HIPAA Encryption: Sometimes, It’s Not HIPAA You Should Be Worried About.

When is the loss of sensitive information from a HIPAA covered entity not a HIPAA breach?  When it has been protected with encryption software like AlertBoot, since the use of encryption provides safe harbor.  But this is not the only scenario that fits the above description.

The other scenario, as I covered in this story involving Kaiser Permanente, is when the missing sensitive information is not PHI, such as employee information.  Which is why Kaiser was able to notify the affected employees approximately six months after the HMO learned of the data breach, a far cry from HIPAA’s 60 calendar-day limit, without running afoul of HIPAA.

But, HIPAA is not the only regulation covered entities have to follow.

AG Files Complaint: California Breach Notification Law Breached

According to infolawgroup.com, the Attorney General of California has problems with the length of time it took for Kaiser to notify approximately 30,000 people.  California’s data breach notification law maintains that a data breach disclosure must “be made in the most expedient time possible and without unreasonable delay.”

The problem with such a directive is, how do you define unreasonable?  The people over at infolawgroup.com have an answer for that:

While California’s law does not explicitly define “most expedient time possible and without unreasonable delay”, California’s Office of Privacy Protection recommends that notice be provided within ten (10) business days of an organization’s determination that personal information was, or is reasonably believed to have been, acquired by an unauthorized person.

Most states make an exception to local laws if they happen to overlap with federal laws (which is not surprising, seeing how federal laws always trump state laws).  So, it could be that Kaiser could have ignored the ten business day recommendation for the cold, hard deadline set by HIPAA.

However, seeing how HIPAA did not apply to Kaiser on this particular breach, one wonders if they really had a choice.  Of course, strictly speaking, Kaiser didn’t have to do anything within ten business days.  After all, it’s not written in stone; it is a recommendation.  On the other hand, there are instances where you do stick to something regardless of whether it’s law or not.  For example, if the AG leaves you a message to please call back regarding lost personal information, chances are that you will call back even if it’s not required by law.

The point is, if the organization that is in charge of data privacy issues is making a recommendation, chances are that you should follow it.  And if not, at least have a reasonable and valid reason why.  And, try not to veer to far from said recommendation.

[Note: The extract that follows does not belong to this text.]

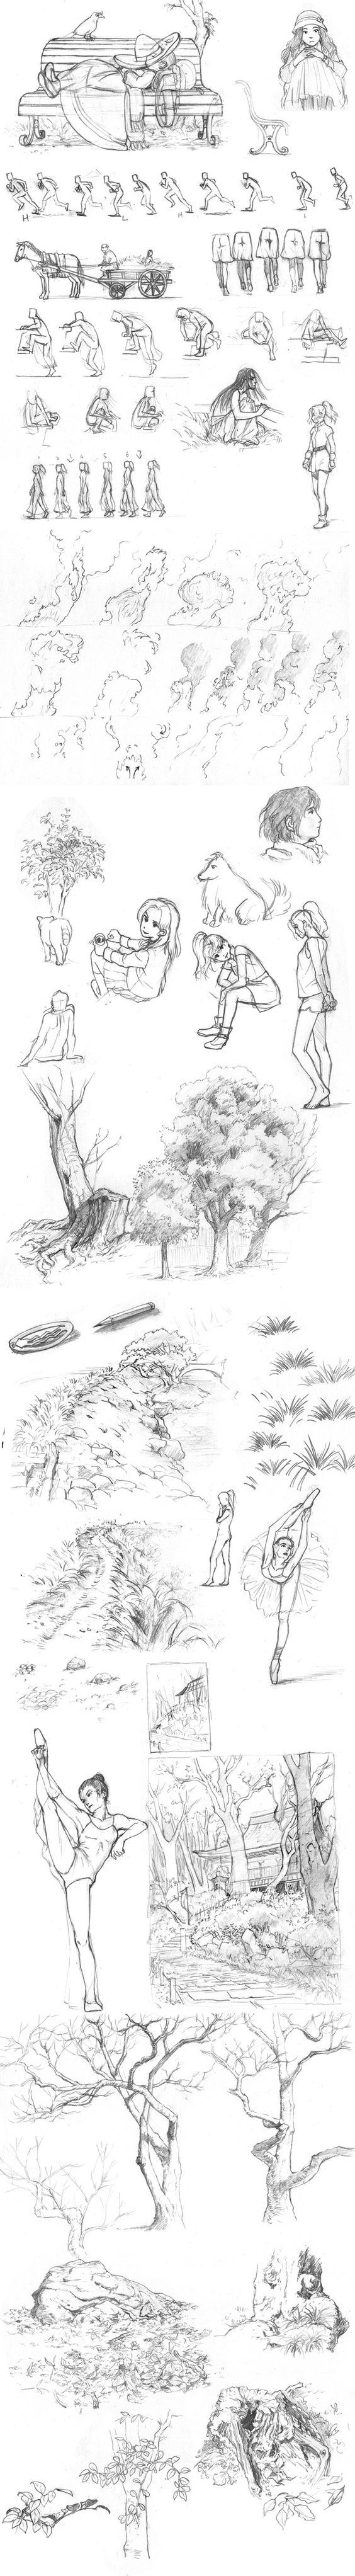 Pencil practice by Evaty.deviantart.com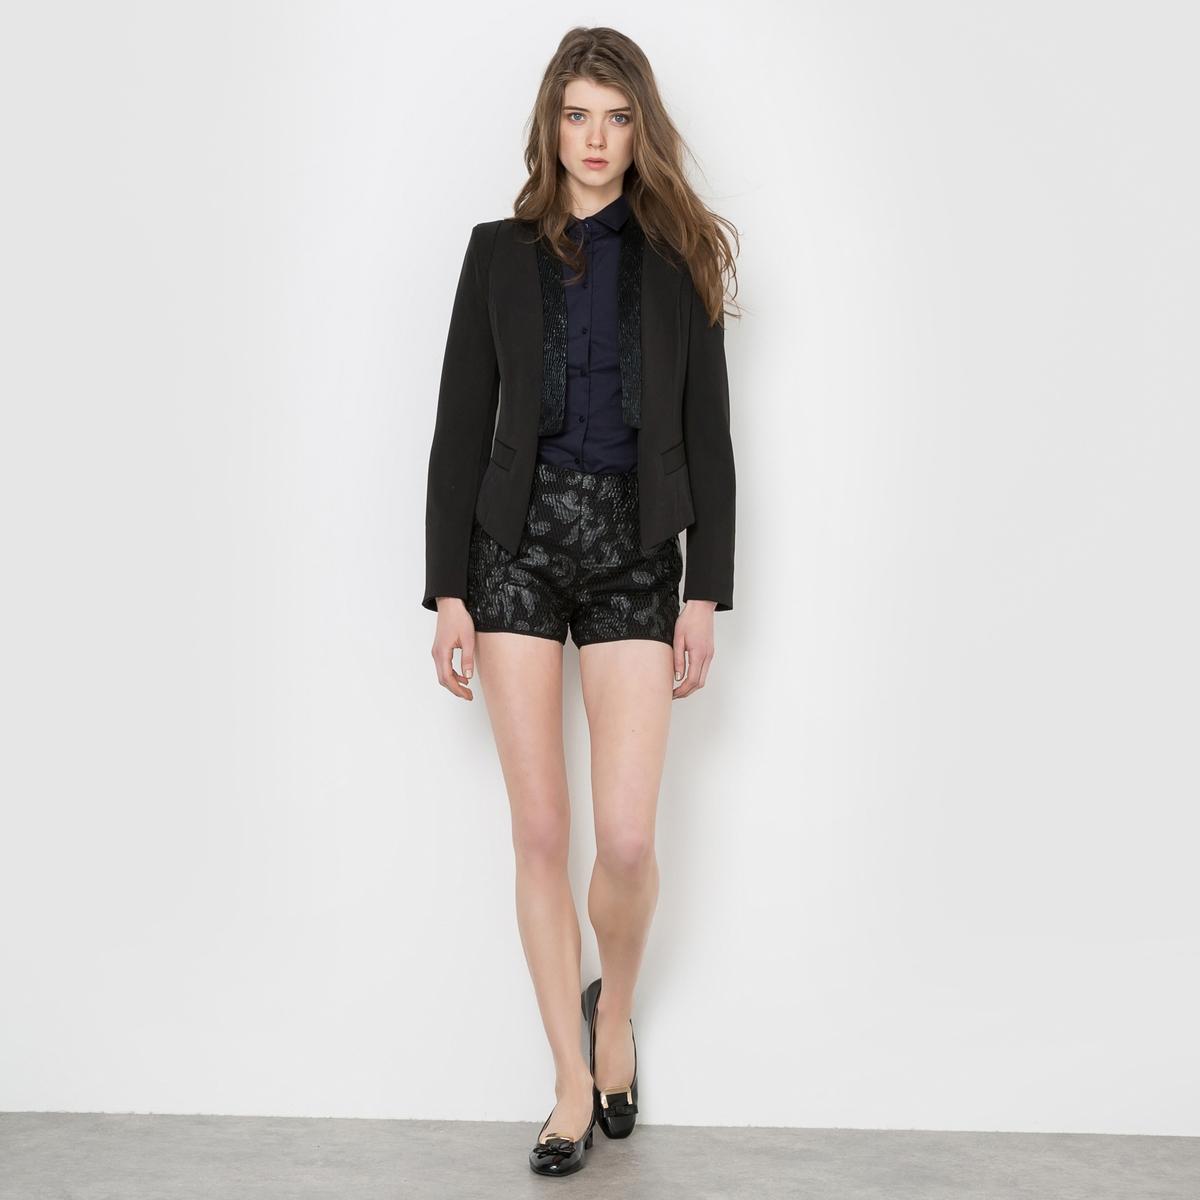 Пиджак от костюма с пайеткамиПиджак  Molly Bracken. Приталенный покрой, женственный пиджак в стиле смокинг. Отвороты украшены пайетками. 2 кармана спереди. Подчеркнутые плечи. Состав и описание:Марка: MOLLY BRACKEN.Материалы: Верх: 97% полиэстера, 3% эластана - Подкладка: 100% полиэстера.Уход:Сухая чистка.<br><br>Цвет: черный<br>Размер: S

Nearly six months later, when ten days is recommended?  One assumes that will be problematic.

Interesting Issues for Breach Notification in California

In addition, infolawgroup.com has identified tolling and staggered notifications as “interesting issues for breach notification lawyers.”

Tolling, as far as I can tell, has something to do regarding the modification of the statute of limitations (generally extending it).  In other words, Kaiser may not be in as much trouble if they can show that they legitimately needed six months to contact people about the data breach.  In fact, based on the position that the AG has taken,

one might reasonably conclude that the CA AG viewed the effort of obtaining the drive and the delay associated with that effort as not unreasonable delay [the hard drive’s loss was determined in September 2011 and the drive was recovered in December 2011].    

The AG, however, appears to have problems with the approximate two-month delay between when the hard drive was recovered and when people were notified, which brings us to staggered notifications.

The implication is that, even if an organization doesn’t have the complete picture, they should start contacting those who they know have been affected.  This assessment makes sense.  As I remarked in the original Kaiser breach post:

HHS stuck to the 60 days, noting that the point behind breach notification letters is to let patients know of the breach and give them a chance to protect themselves.  The longer one takes to notify patients, the greater the chances that they will be notified after being victimized.  And what’s the point in that?